The district will only pay $9 million of the project cost, with the state funding the other 70 percent. WLS will cover its part of the cost with funds from a bond issue that passed in August 2013, Hissong said.

The project started off with the school board looking at installing new heating and air conditioning and doing routine maintenance on the K-12 building, including roof repairs and repaving parking lots. Hissong said those improvements alone were estimated between $7 and $9 million.

“For about the same investment we would do locally to raise a bond issue to fix just what we needed fixed, we could completely renovate and renew our school,” Hissong said.

The project will gut most of the school in six phases and is scheduled to last until the spring of 2017.

The first phase of the project will add a new state-of-the-art science wing for high school students and a new elementary wing for preschool, kindergarten and first-grade students, Hissong said.

After those spaces are finished, students will migrate around the school while crews are renovating other areas.

The project will add 22,000 square feet for instruction and expand the size of all the district’s classrooms.

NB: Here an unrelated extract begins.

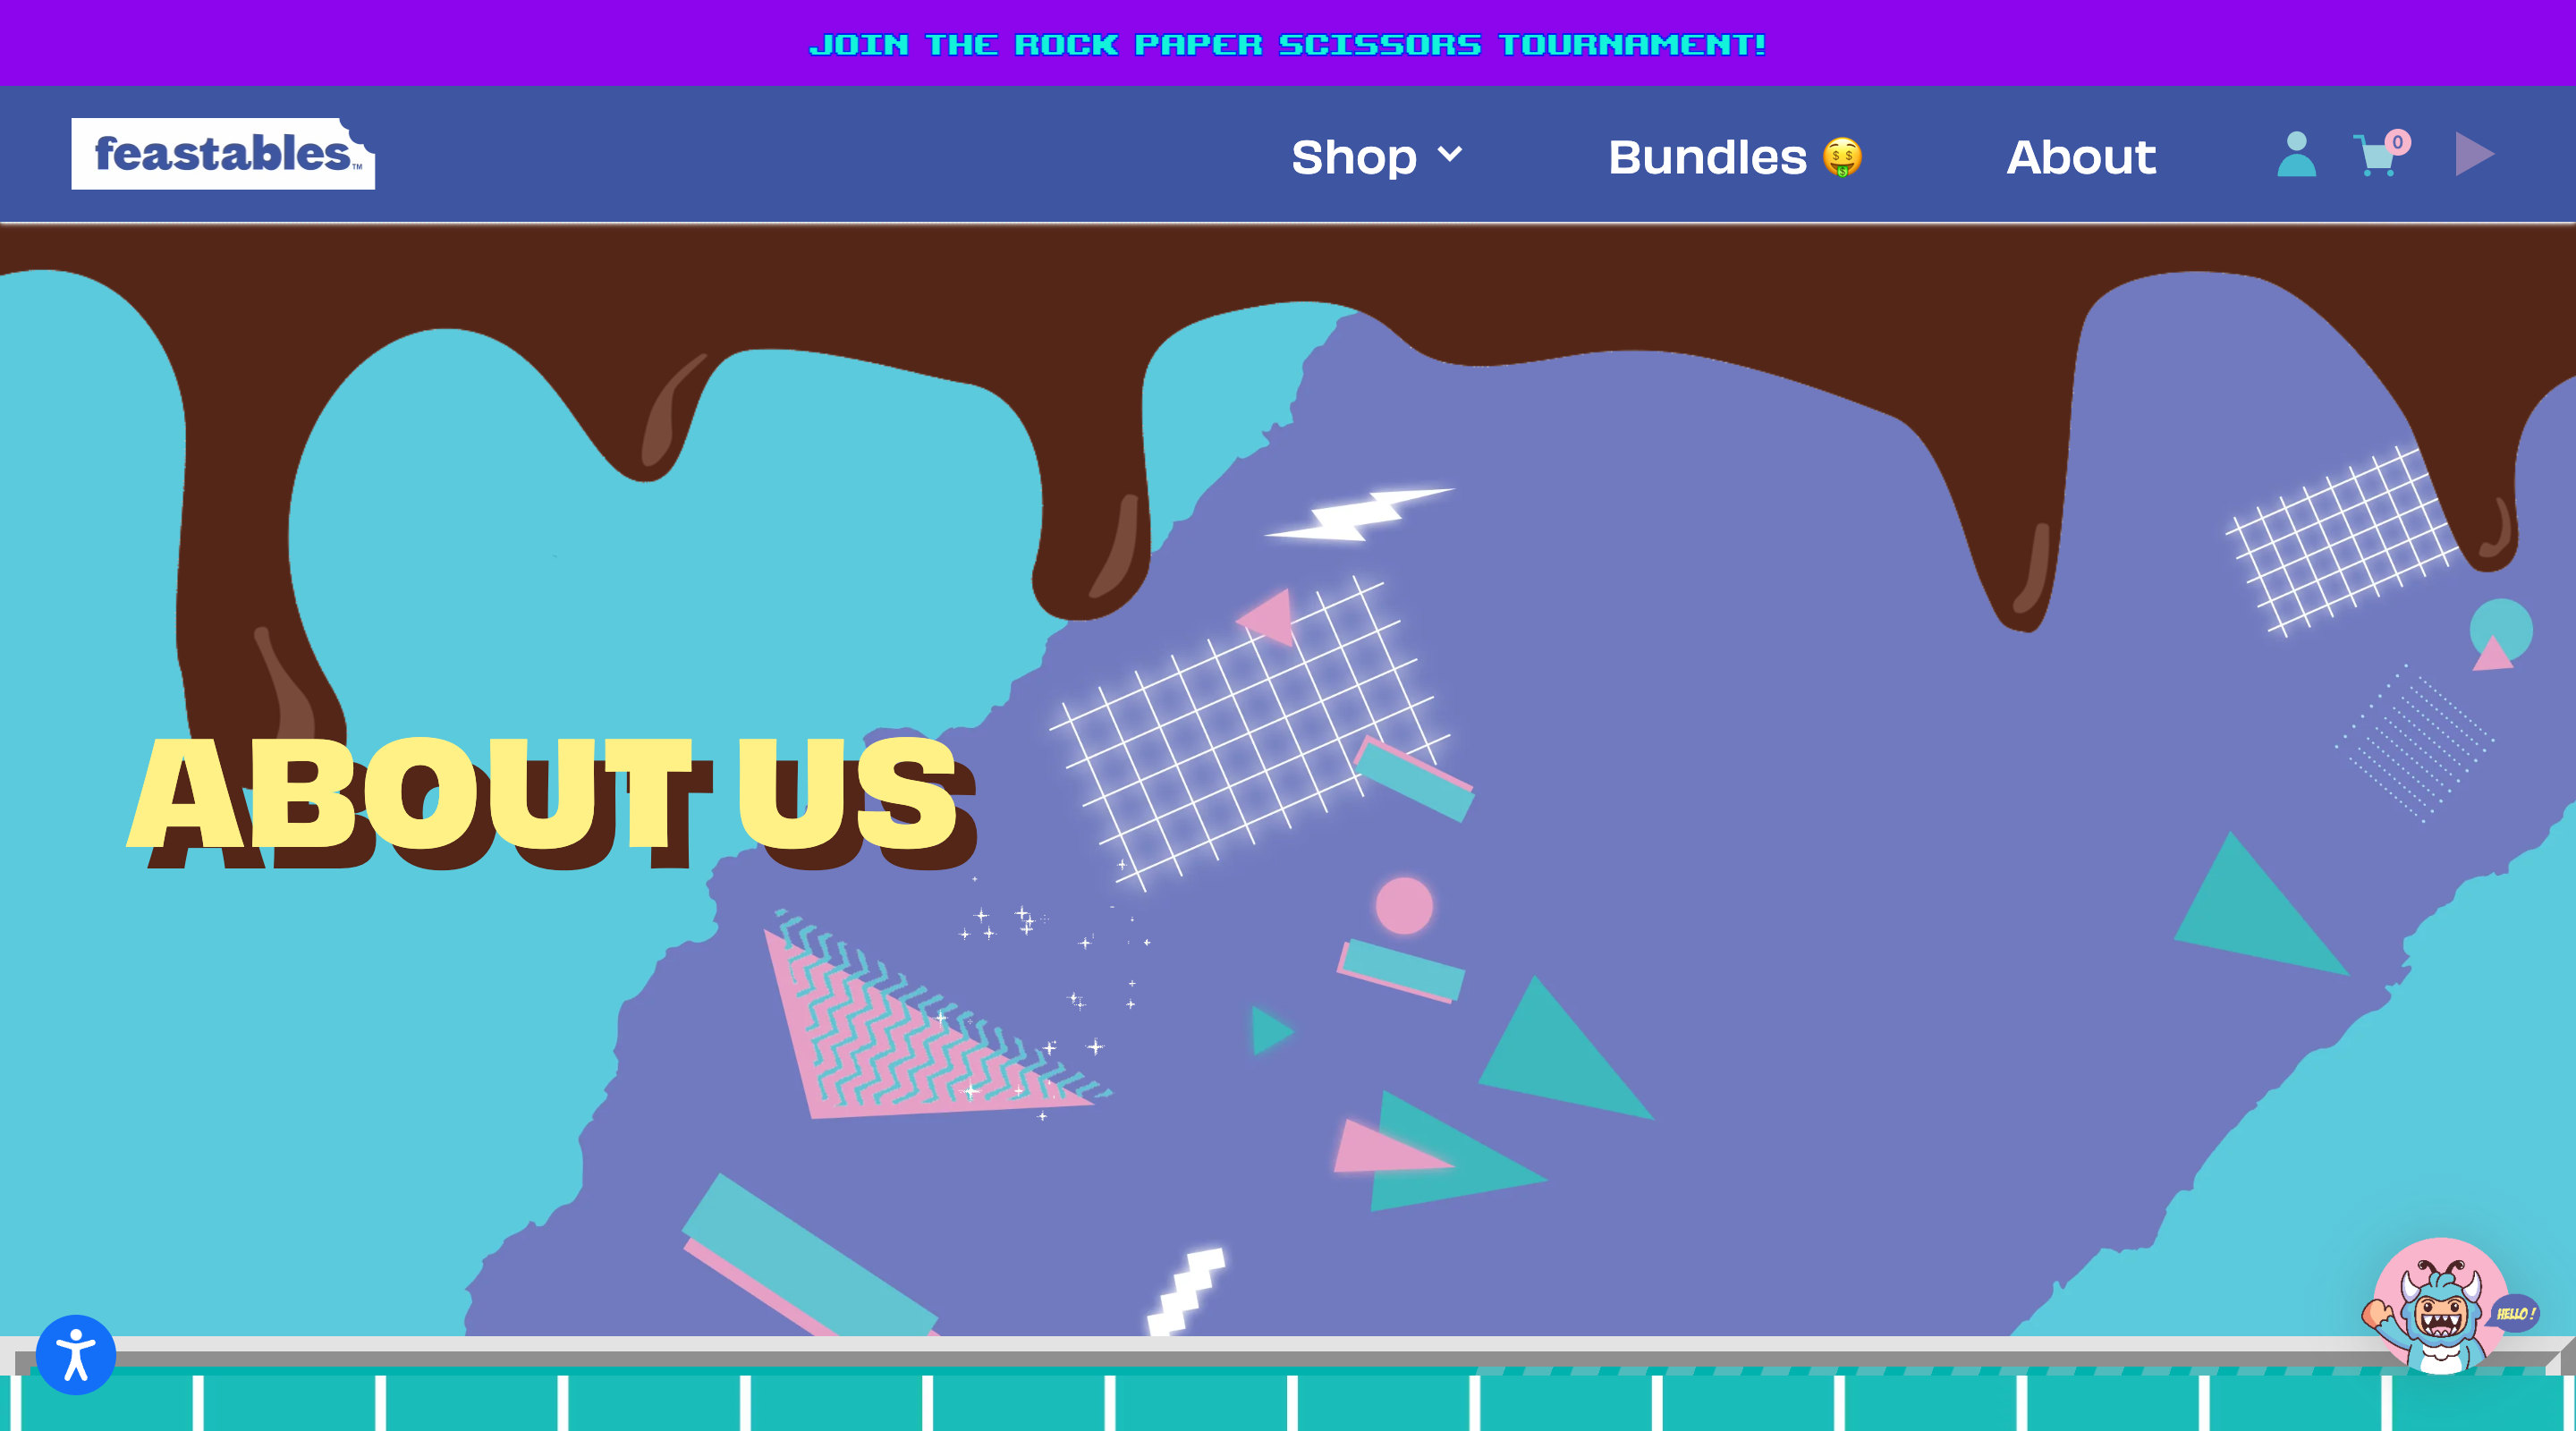 Screenshot of the 'About Us' page of the Feastables website. A header contains the Feastables logo and main site navigation. The hero section contains the 'About Us' title with an illustrative background that includes chocolate dripping down from the top.

Building codes have changed since the school was built 25 years ago and its current classrooms are now considered undersized.

The new classrooms will also have new virtual smartboards and other new technologies, Hissong said.

“They are going to have an updated learning environment,” he said.

The district is also changing the main entrance, cafeteria, gym and playground area.

Hissong said he hopes the new cafeteria will allow the school to condense its lunch schedule. Students currently are served continuously from 10:30 a.m.-1 p.m. in the a building that has 1,250 students.

“The goal is to compress that down, change some serving lines and change that format,” Hissong said.

Ben Bowden is a senior at the school and said he is disappointed he won’t be able to enjoy the new renovations, but is happy his younger brother’s education will benefit from the changes.

“This gives him an opportunity to advance his learning but at the same time he gets to enjoy just everything being new,” Bowden said.

Weather delayed the start of construction twice already. The school plans to have an official ground-breaking ceremony April 22.